La luz de la destrucción

 

La luz de la destrucción,

la riqueza de las desgracias,

el dulzor del fracaso;

El luto del carnaval,

el viaje sin destino de los trenes,                       

las tormentas con truenos,

relámpagos,

sin lluvia;

El dolor por nada, la nada que invade todo, toda la nada que nada en todo;

La descripción, la reflexión, la pasividad, la epopeya, la naturalidad, lo artificioso, la finalidad.

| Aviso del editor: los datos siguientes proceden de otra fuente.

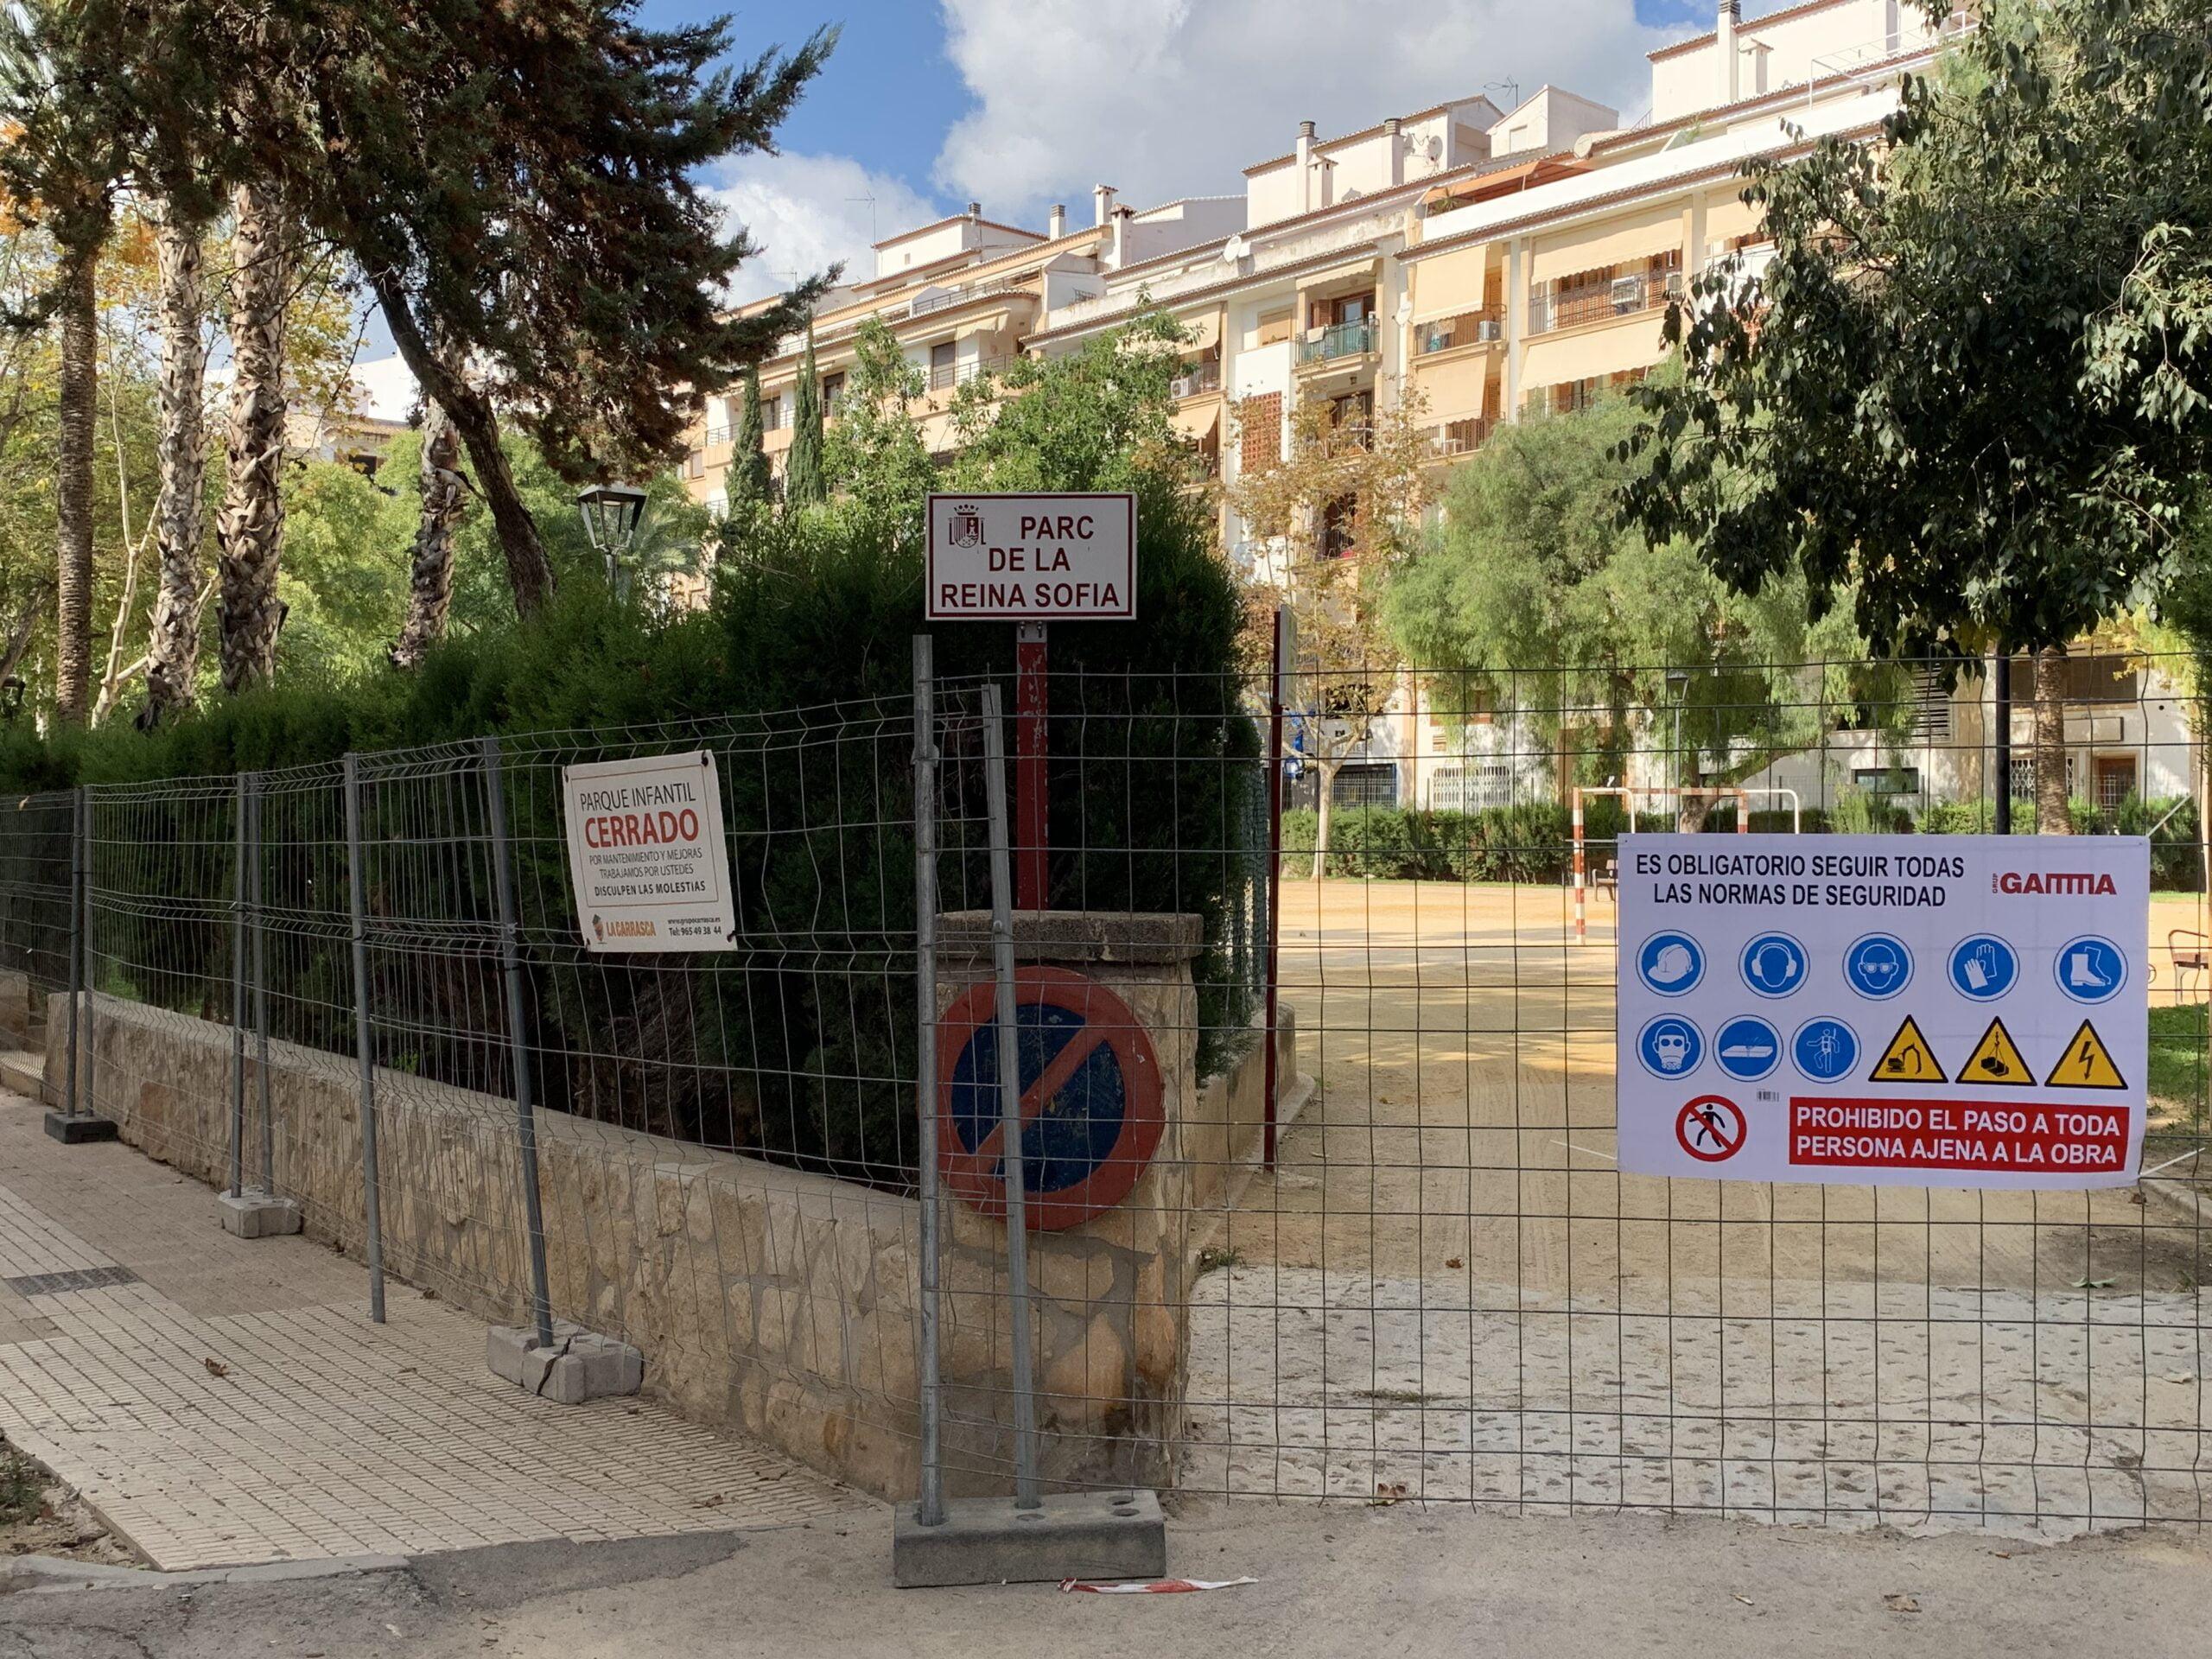 Cierran el acceso al parque thiviers para iniciar las obras de remodelación

Mi antigua libertad, mi querida esclavitud, mis pensamientos a musas, la incomprensión.

 

     *     *     *     *     *     *     *     * 

 

Sueño con quimeras imposibles

que talan ideas de mi mente

para sembrar

en pequeñas parcelas adyacentes

semillas de loco frenesí.

Aúllo a la luna mi cobardía,

De no decir lo pensado sin pensar

Y lloro a la noche mis penas

Vislumbradas en un vaso de cristal.

Frente a un espejo mi reflejo

más allá de su hipocresía no ve

De dos personajes desdoblados

Su persona ni su ser.

 

     *     *     *     *     *     *     *     * 

 

Cuando la tristeza, sola y llana, te aconseja no la dejes de escuchar. Siempre que ella está presente, tú estás más cerca de tu alma, siempre que ella te reclama, tú te sientes más cercano a ti; y te preguntas para qué sirves, porque estás así, tus pensamientos por qué no te dejan en paz, tus sueños por qué son como son, la gente por qué existe, tú por qué existes, existe algo que se pueda considerar divinidad o es esta divinidad nuestra propia degradación; vicios y prejuicios de una inmunda desolación. Cuando estás así no sabes ni lo que escribes porque las propias letras son cárceles para nuestra expresión; pero pensamos en letras, en imágenes, en sonidos, soñamos en una realidad que existe aunque esté alterada. Y sin embargo, sabemos que tiene que haber algo más pero no sabemos qué es y siguiendo con todo continuamos pensando y no sabemos canalizar nuestra energía como lo haría un mosquito para poder volar; y sí, eso es lo que queremos, volar, desaparecer, realizar lo inverosímil, obtener lo imposible sin arrepentimientos; y si tenemos conciencia es porque es nuestro peor castigo, nuestra peor arma destructora, pensamos demasiado, lo animales no piensan y por eso viven tranquilos, el día a día, sin futuro, sin más. Nosotros, en cambio, no. Tenemos esa luz que es la conciencia, esa luz de la destrucción.